It was reported that, after the impact, the pilot became more aware of his
surroundings and the significance of the accident, which required the seatbelt to be
released to enable egress from the wreckage. Additionally, the pilot assisted the
crewman with the previously discussed activation of the PLB.
Crewman
The crewman’s seat assembly showed partial crushing of the under-seat structure
that was consistent with its exposure to high vertical (downward) loading from the
weight of the crewman. The crushable under-seat structure was used for the
stowage of non-essential items and a number of objects were removed from that
space. Some deformation of the fuselage structure that surrounded the crewman’s
seat was also evident and was consistent with the magnitude of the impact.
Additional information
Geophysical operations
The structure of the operation was such that while one team was undertaking the
survey task the other remained at the accommodation. That team used a computer to
monitor the flight progress and hourly scheduled Omnitrack reports until they were
required to meet the helicopter at a predetermined location and time. The relieving
team would then receive a handover from the previous crew, assist with refuelling
and conduct a pre-flight inspection of the helicopter before taking over duties to
continue flying the next task.
The geophysical equipment onboard the helicopter was primarily stored at the left
rear passenger seat position. This made the equipment accessible to the geophysical
crewman seated in the right rear seat, as the equipment was frequently required to
be moved in and out of the helicopter for ground sampling purposes.

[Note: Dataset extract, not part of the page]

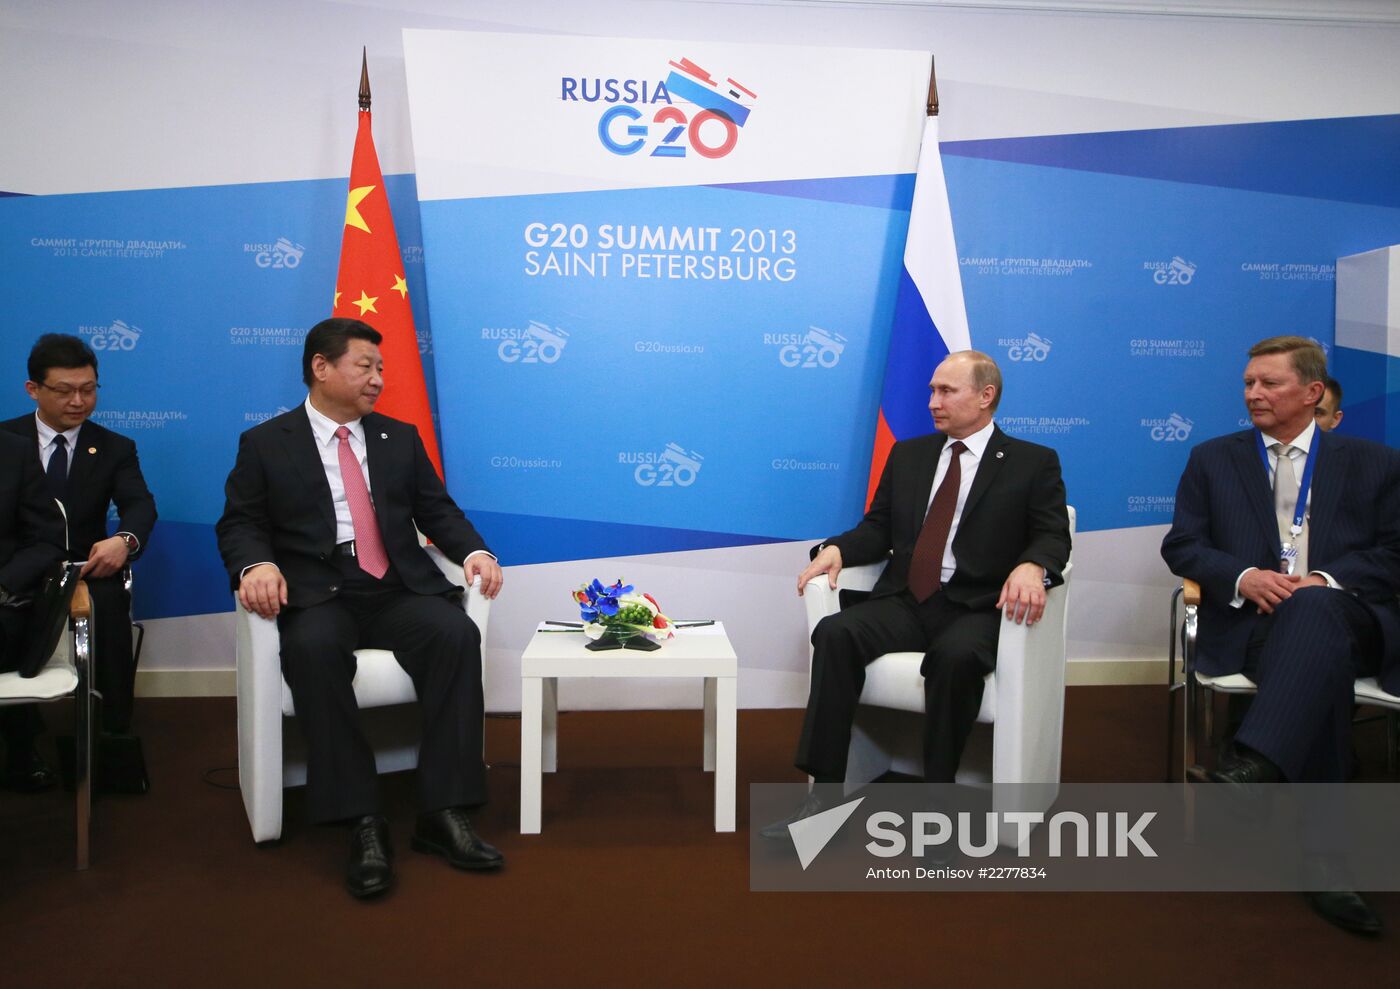 Bilateral meeting between Vladimir Putin and Xi Jinping

Pre-planned routes (tasks) with waypoints were loaded into a Garmin GPS unit and
were used by the pilot to assist with track guidance and for determining the location
of geophysical landing locations (nodes). The displayed information allowed the
pilot to land the helicopter within a required sampling distance from a node. The
crewman would then exit the helicopter to conduct the geophysical ground
sampling by removing the CG-5 geophysical equipment from the rear of the
helicopter. The ground sampling process would take about 2 minutes before the
crewman would again board the helicopter with the equipment and the pilot would
fly to the next node.
- 9 -
Human factors
Since commencing the geophysical operations, the pilots and crewmen had utilised
two central base locations near to the survey area. The accommodation used during
the first 2 weeks of operations was reported to have been very basic, which meant
there was limited access to good sleeping amenities and a good standard of food.

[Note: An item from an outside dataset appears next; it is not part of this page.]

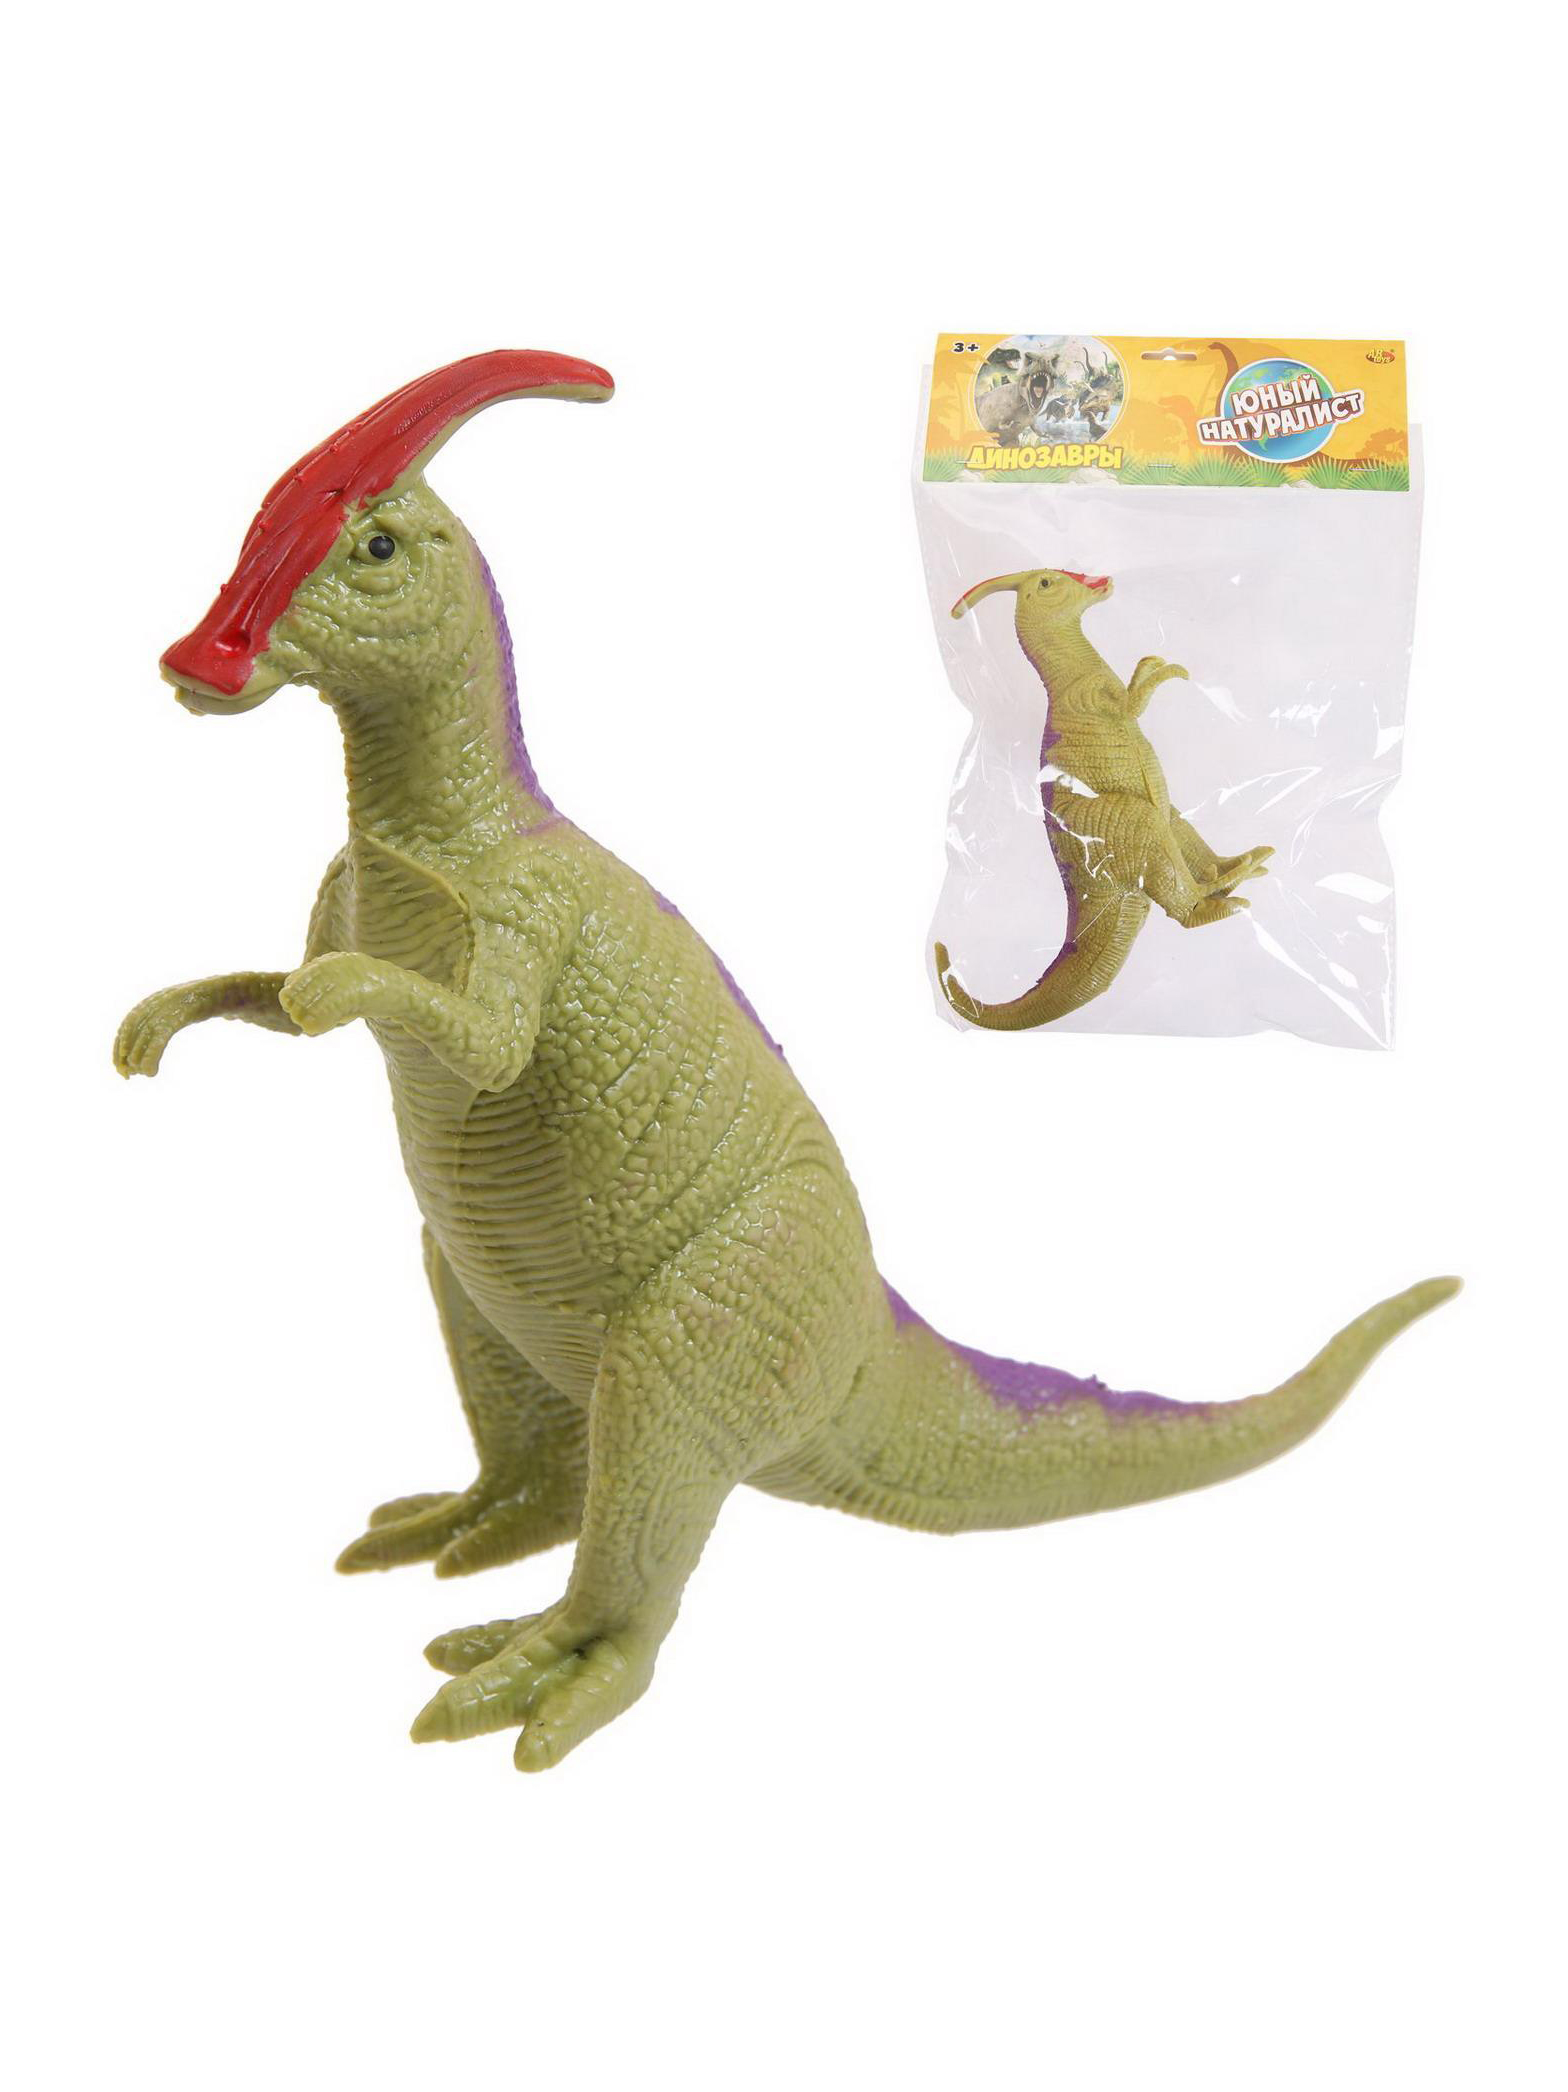 Фигурка Abtoys Юный натуралист: Динозавры Паразауролоф резиновая в пакете PT-01692

The operator’s fatigue risk management system (FRMS) manual stated that:
Suitable sleeping accommodation means facilities that provide privacy and
are conductive to sleep. Where possible, a separate self-contained room must
be provided for each person. The accommodation must be suitable for
sleeping under the local conditions, with a comfortable bed and appropriate
control measures for noise levels, light, ventilation, insects & pests and
climatic conditions. Clean drinking water and easy access to sustenance must
also be provided.
In extenuating circumstances, such as in remote locations (e.g. with mining
operations), which require pilots to sleep in an environment where the above
criteria cannot be met, the operator and relevant staff must agree on a suitable
standard, for sleeping accommodation, through a proper consultative process.
ie Work only in cooler months when operating from bush camps in NW
Australia.
Under this situation all factors which may reduce the propensity to sleep and
rest in such environments must be considered, and flight and duty limitations
and rest periods adjusted accordingly.
The flight and duty times recorded by the pilot remained relatively consistent
during the entire operational period.
Two days prior to the accident, the pilots and crew were required to reposition the
helicopter and geophysical and support equipment to a new location at Kumarina.
That location was closer to the area of intended operations. It was reported that as a
result, there was an improvement in the standard of accommodation and availability
of better quality food, which reportedly had a positive effect on morale.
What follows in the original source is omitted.